▸ **Collected material**
━━━━━━
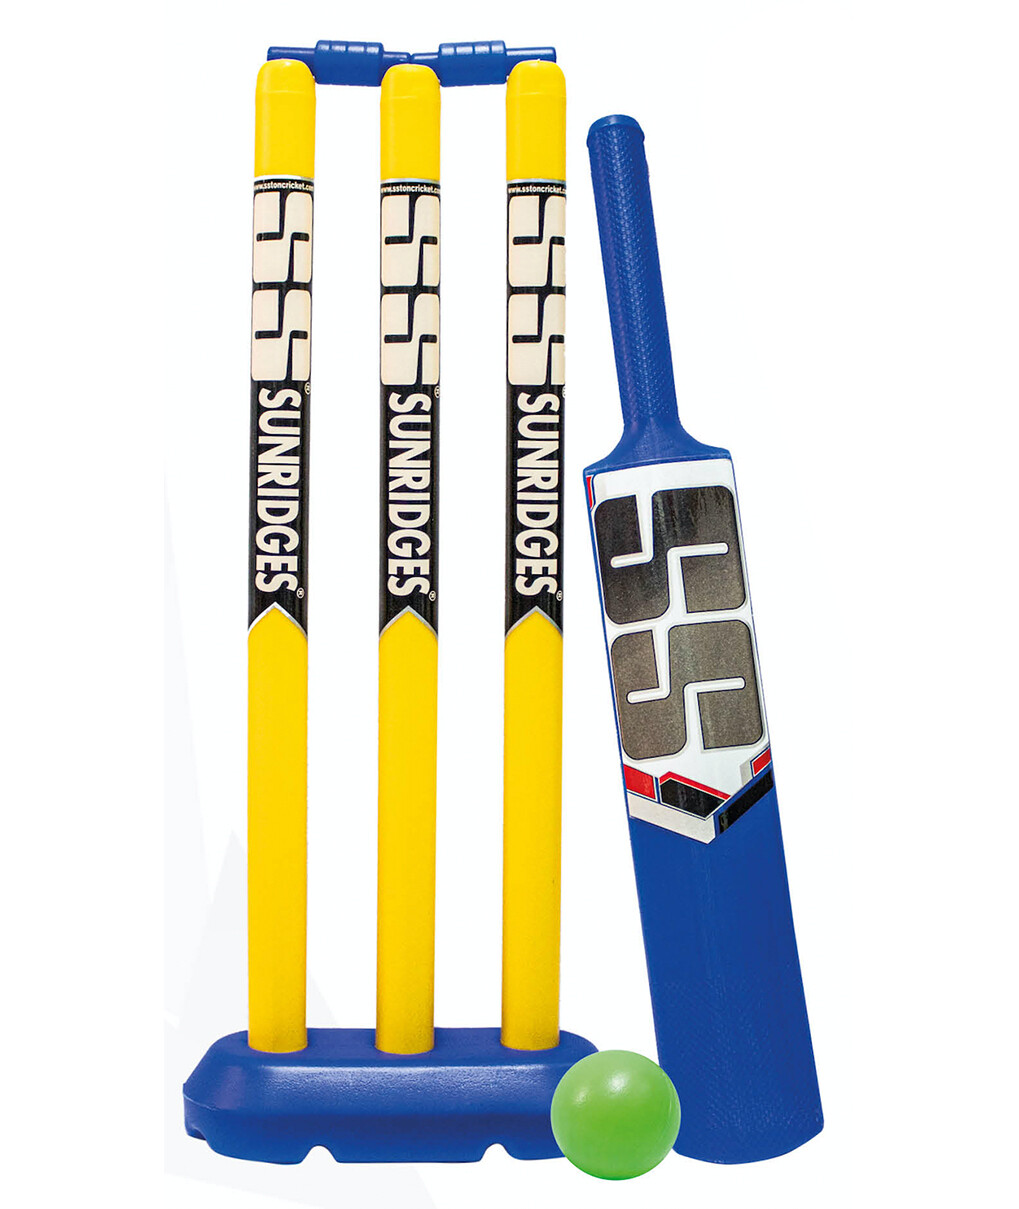 SS Jnr Mini - Plastic Cricket Set
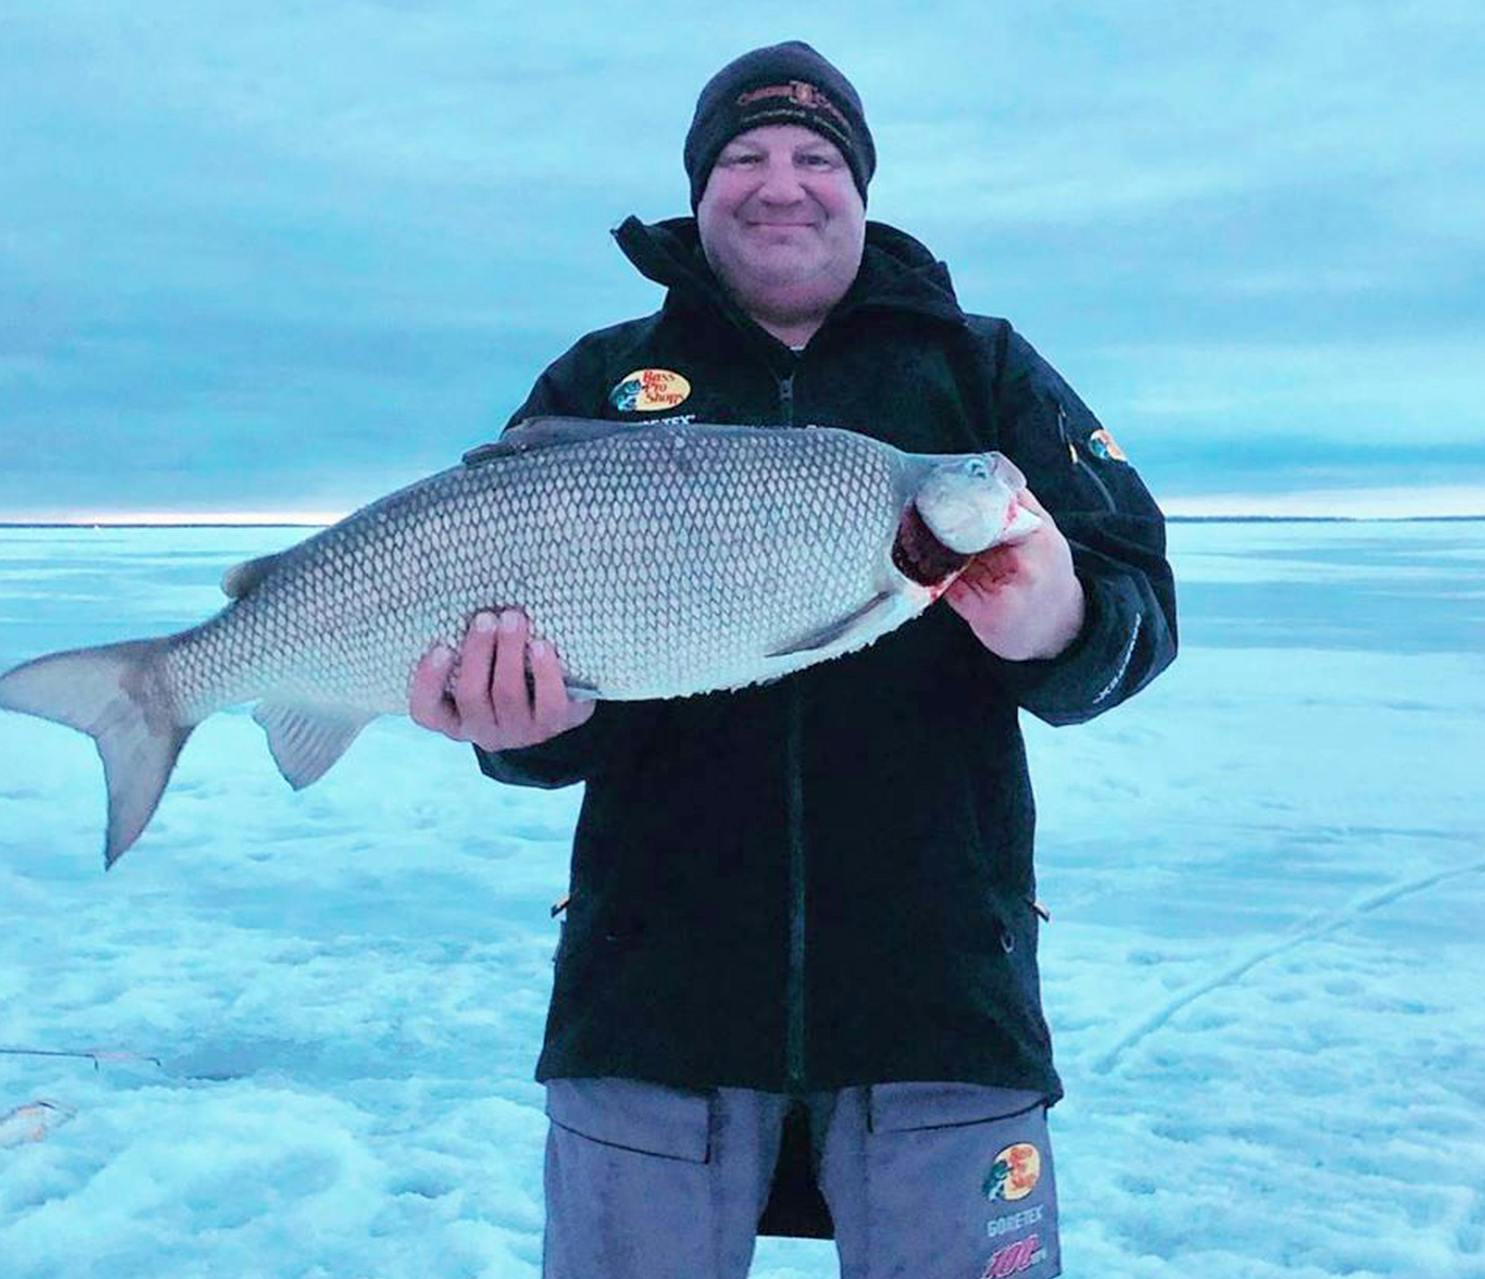 Oklahoma man catches 13-pound-plus whitefish on first ice fishing trip
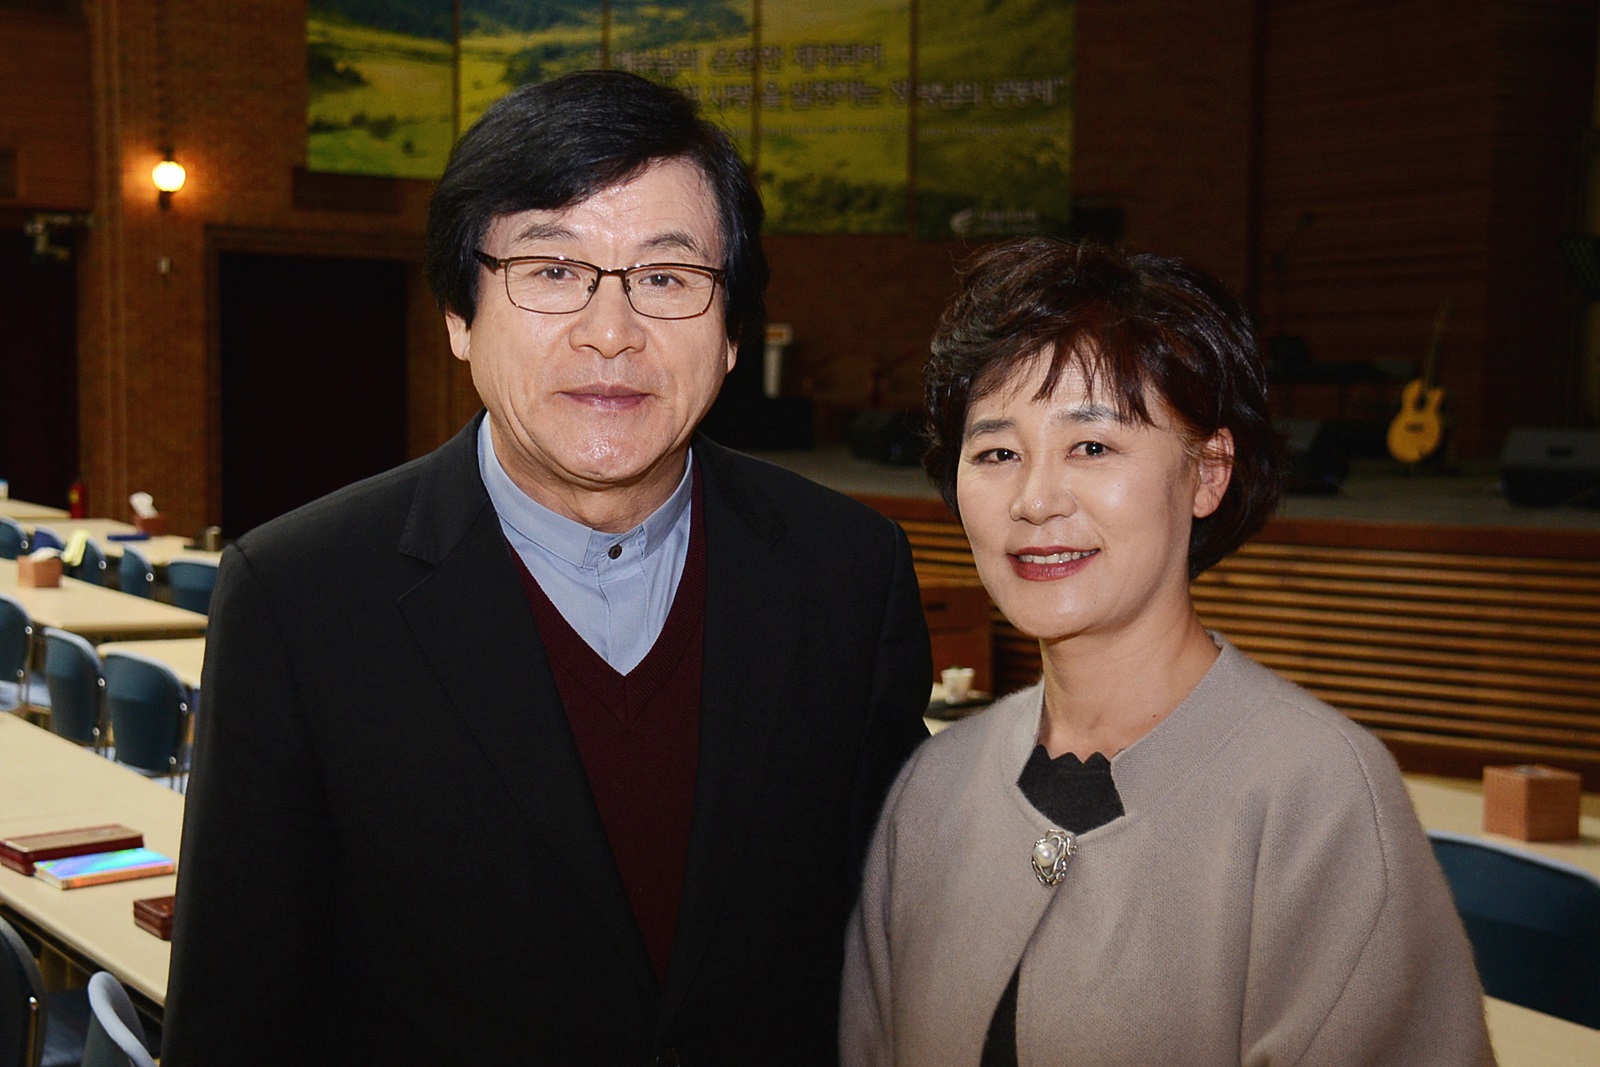 ▲ ㈔내적치유사역연구원 대표 주서택 목사(왼쪽)와 김선화 사모 부부
━━━━━━
▸ **Work request**
Leaving the pictures behind, return every line above exactly.

▸ **Expected output**
 SS Jnr Mini - Plastic Cricket Set
 Oklahoma man catches 13-pound-plus whitefish on first ice fishing trip
 ▲ ㈔내적치유사역연구원 대표 주서택 목사(왼쪽)와 김선화 사모 부부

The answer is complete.